Recorded information Start Marker

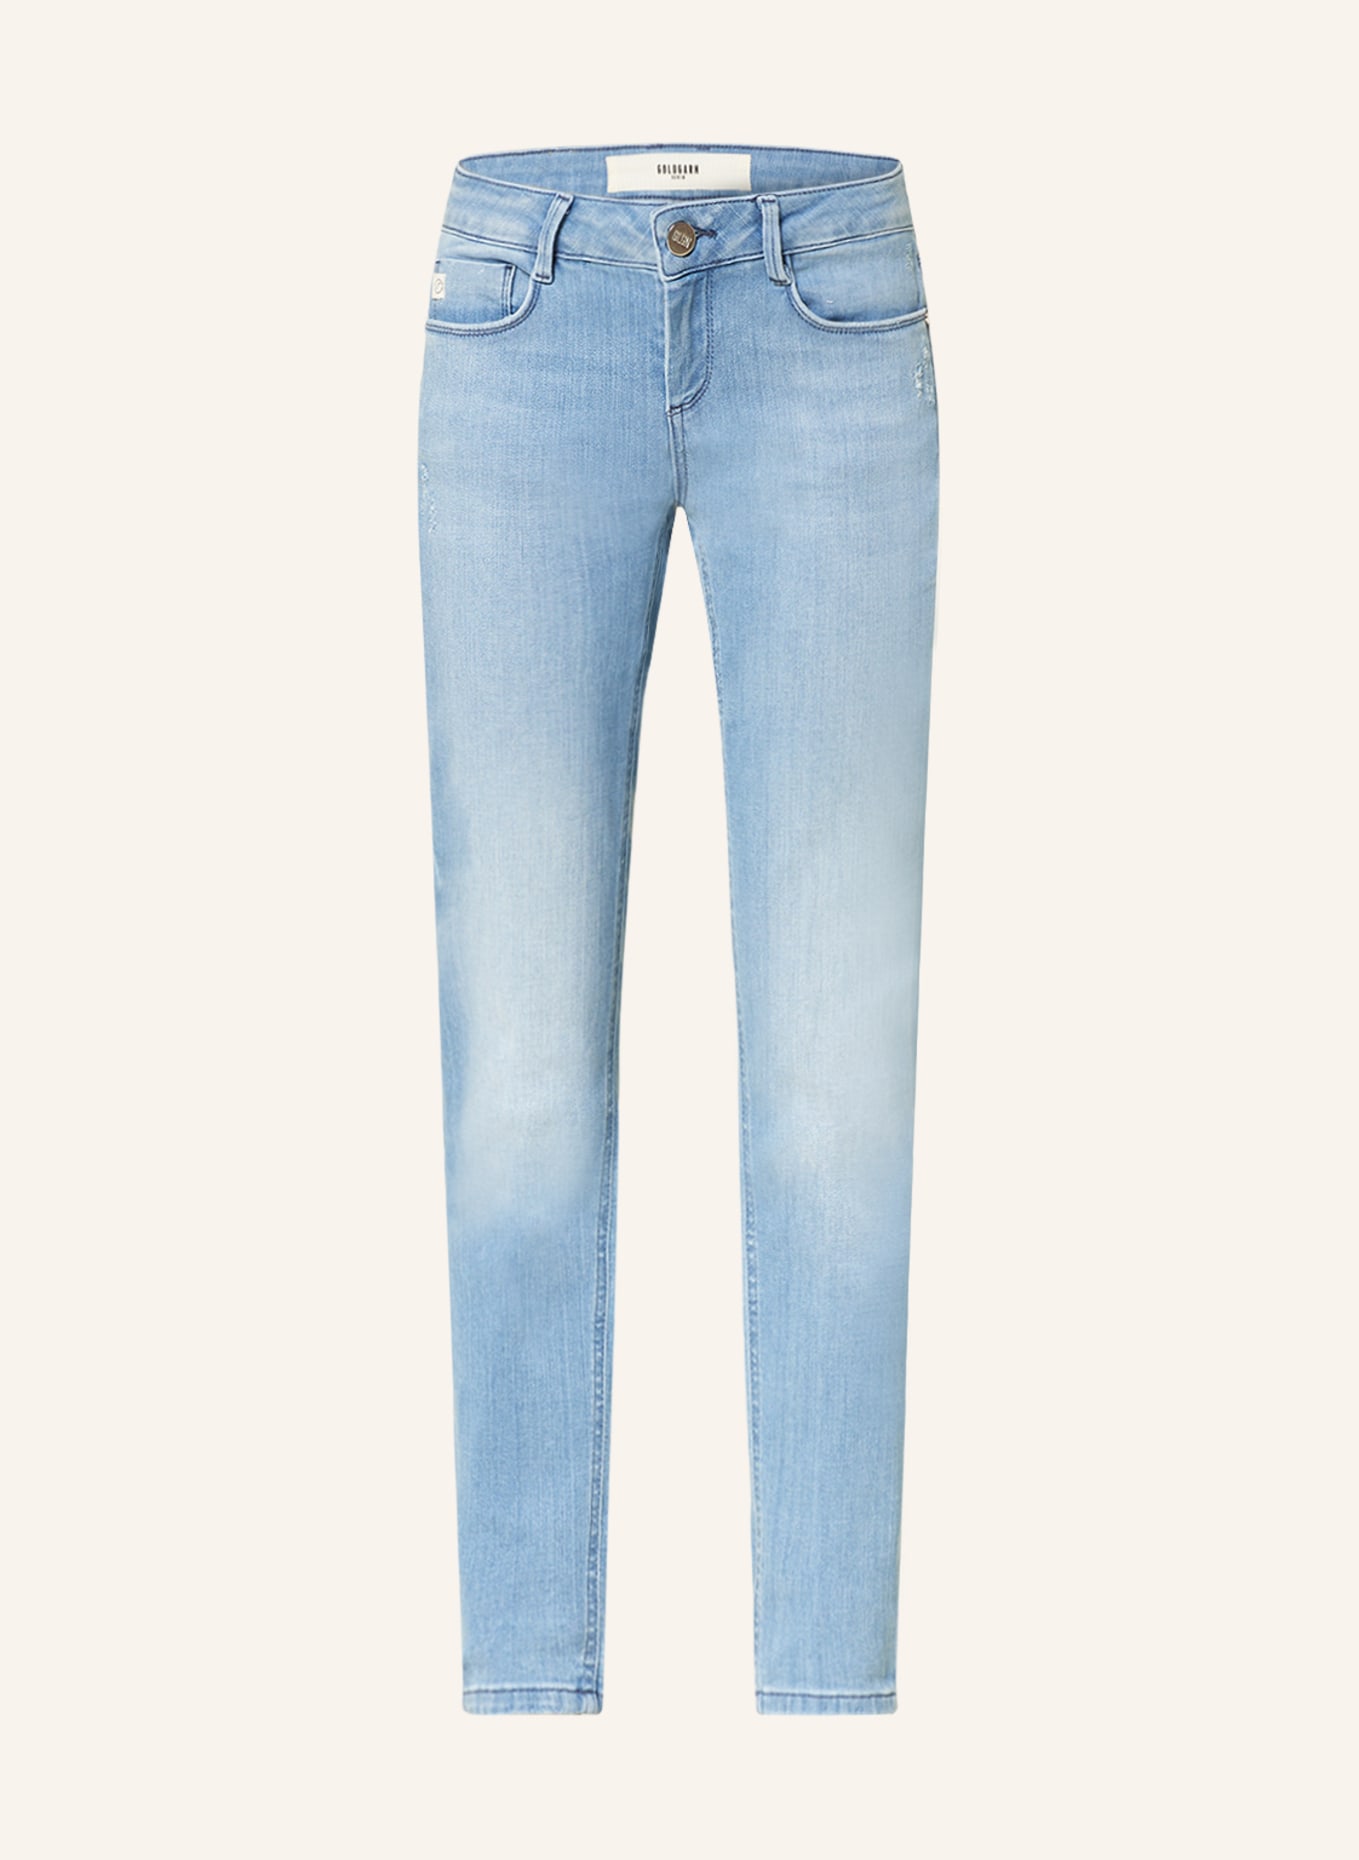 GOLDGARN DENIM Skinny jeans JUNGBUSCH, Color: 1070 light blue (Image 1)
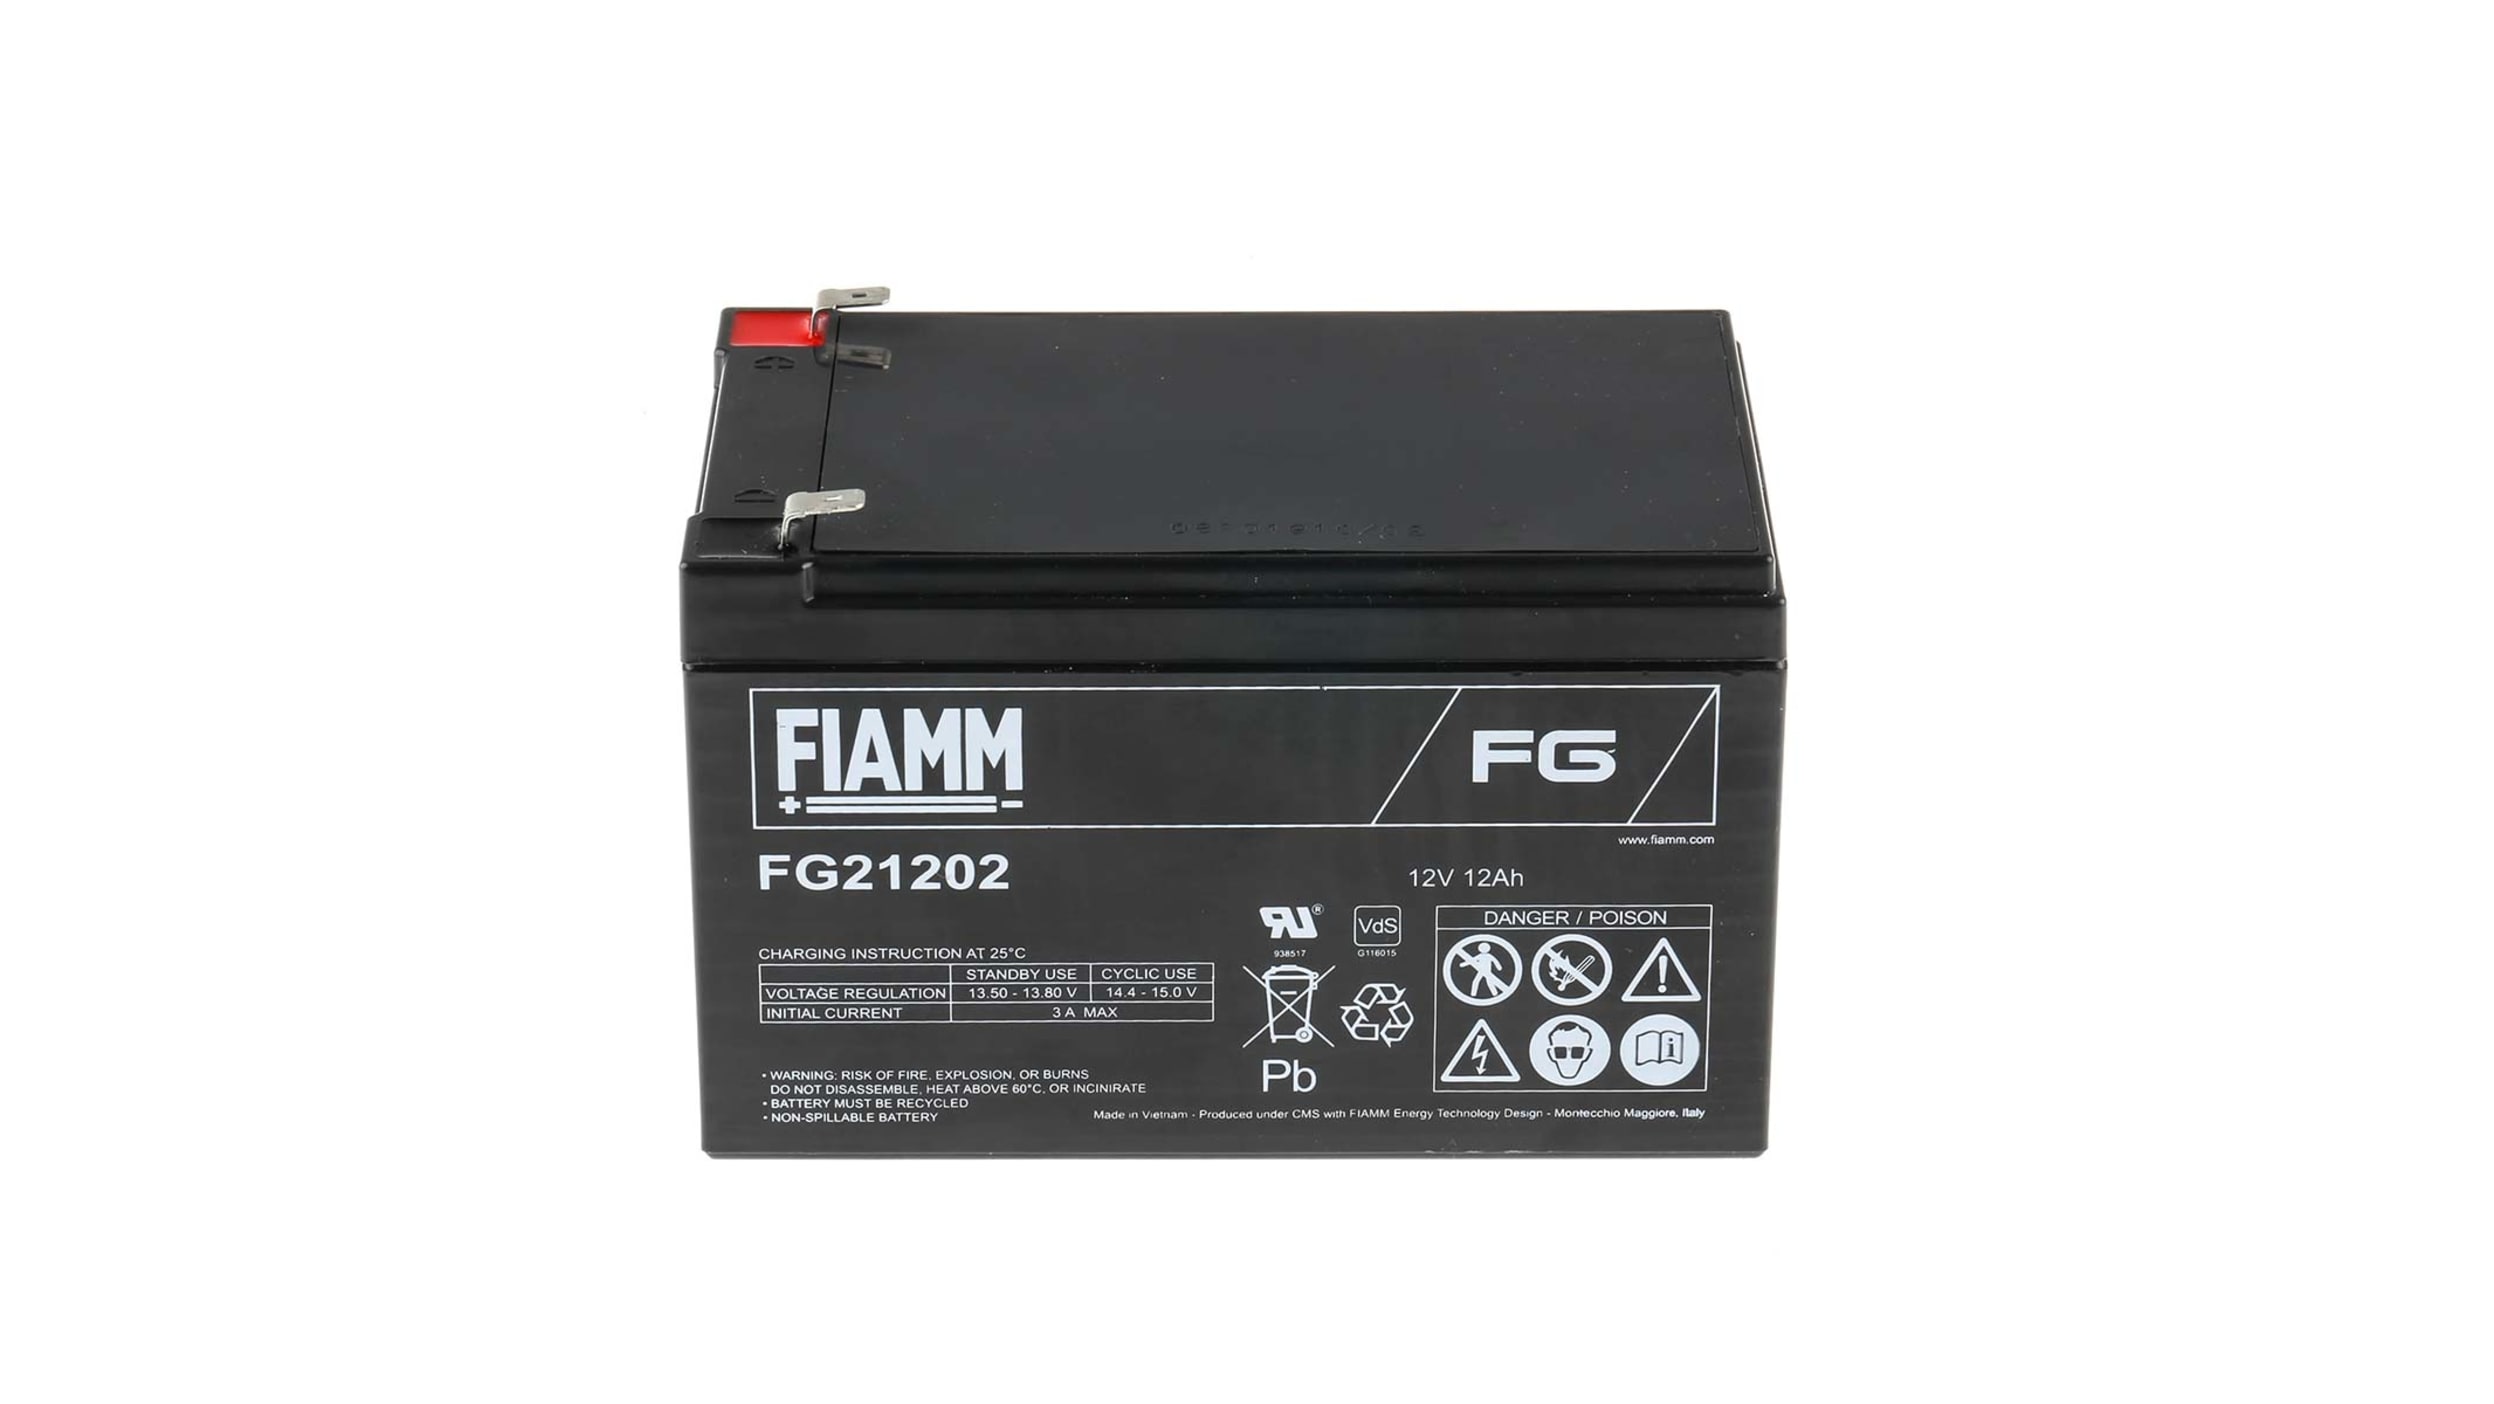 FIAMM FB12A-A - Batería Moto Fiamm 12V 12Ah 160A CCA
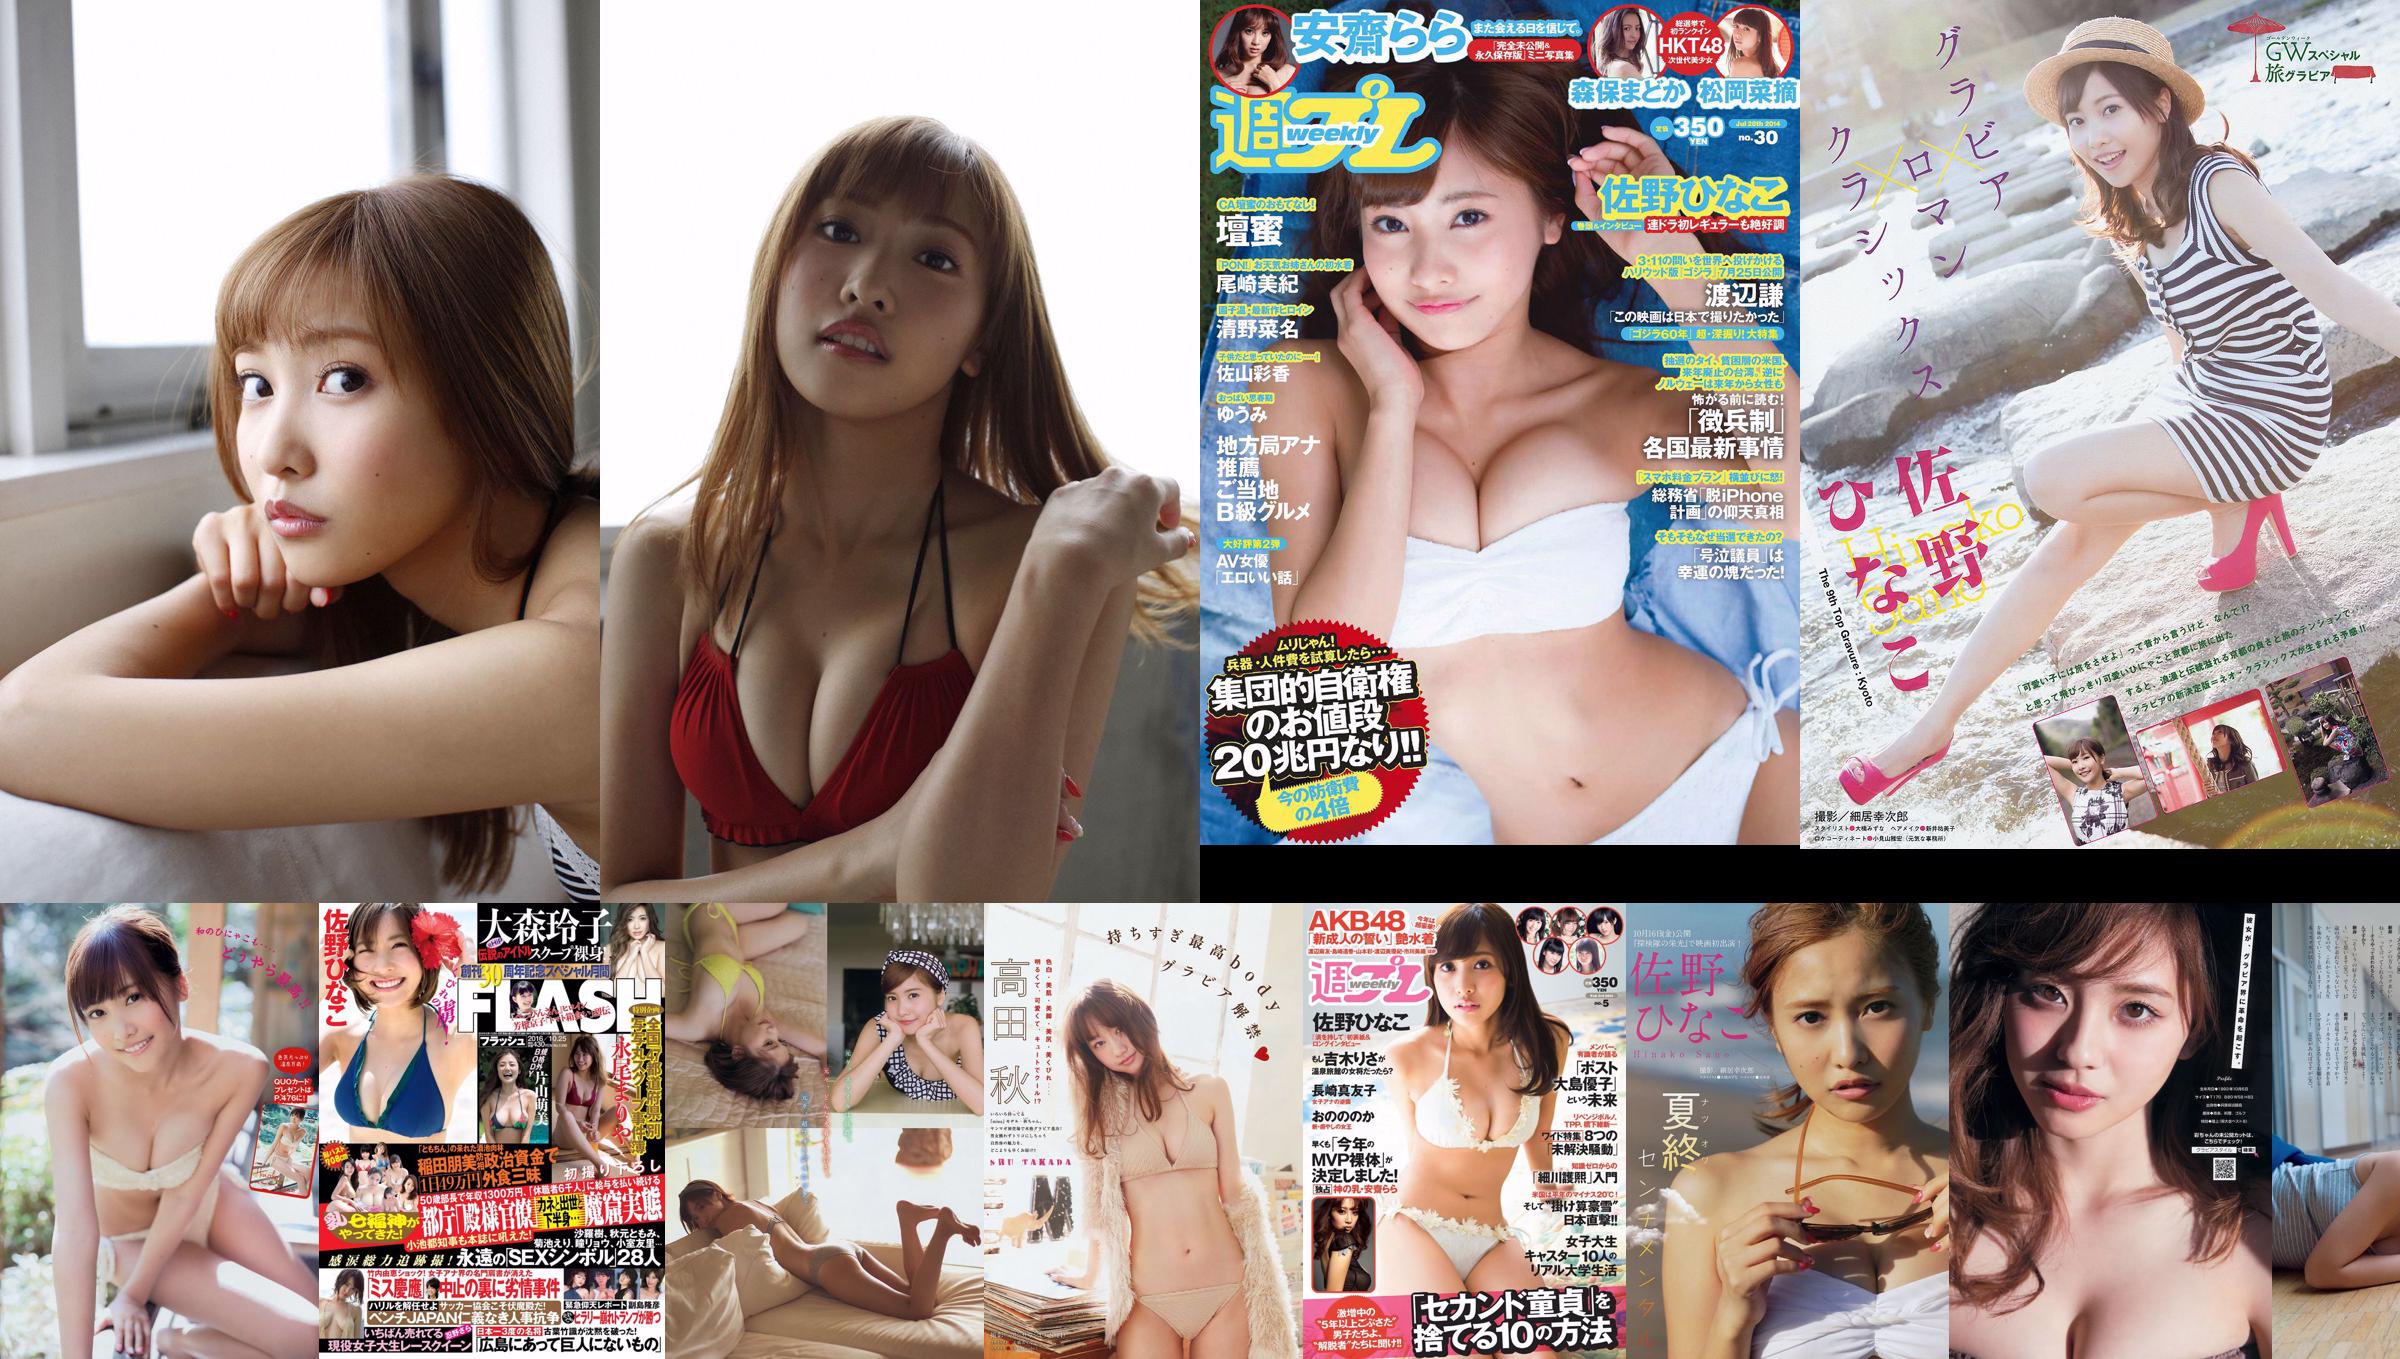 [Young Magazine] Hinako Sano Kana Fujita 2015 No.33 Photographie No.1b2d8b Page 4

Recorded information End Marker

▶ [Task directions] Return all material verbatim, pictures omitted.

▶ [Answer]
 GOLDGARN DENIM Skinny jeans JUNGBUSCH, Color: 1070 light blue (Image 1)
 FIAMM FB12A-A - Batería Moto Fiamm 12V 12Ah 160A CCA
 [Young Magazine] Hinako Sano Kana Fujita 2015 No.33 Photographie No.1b2d8b Page 4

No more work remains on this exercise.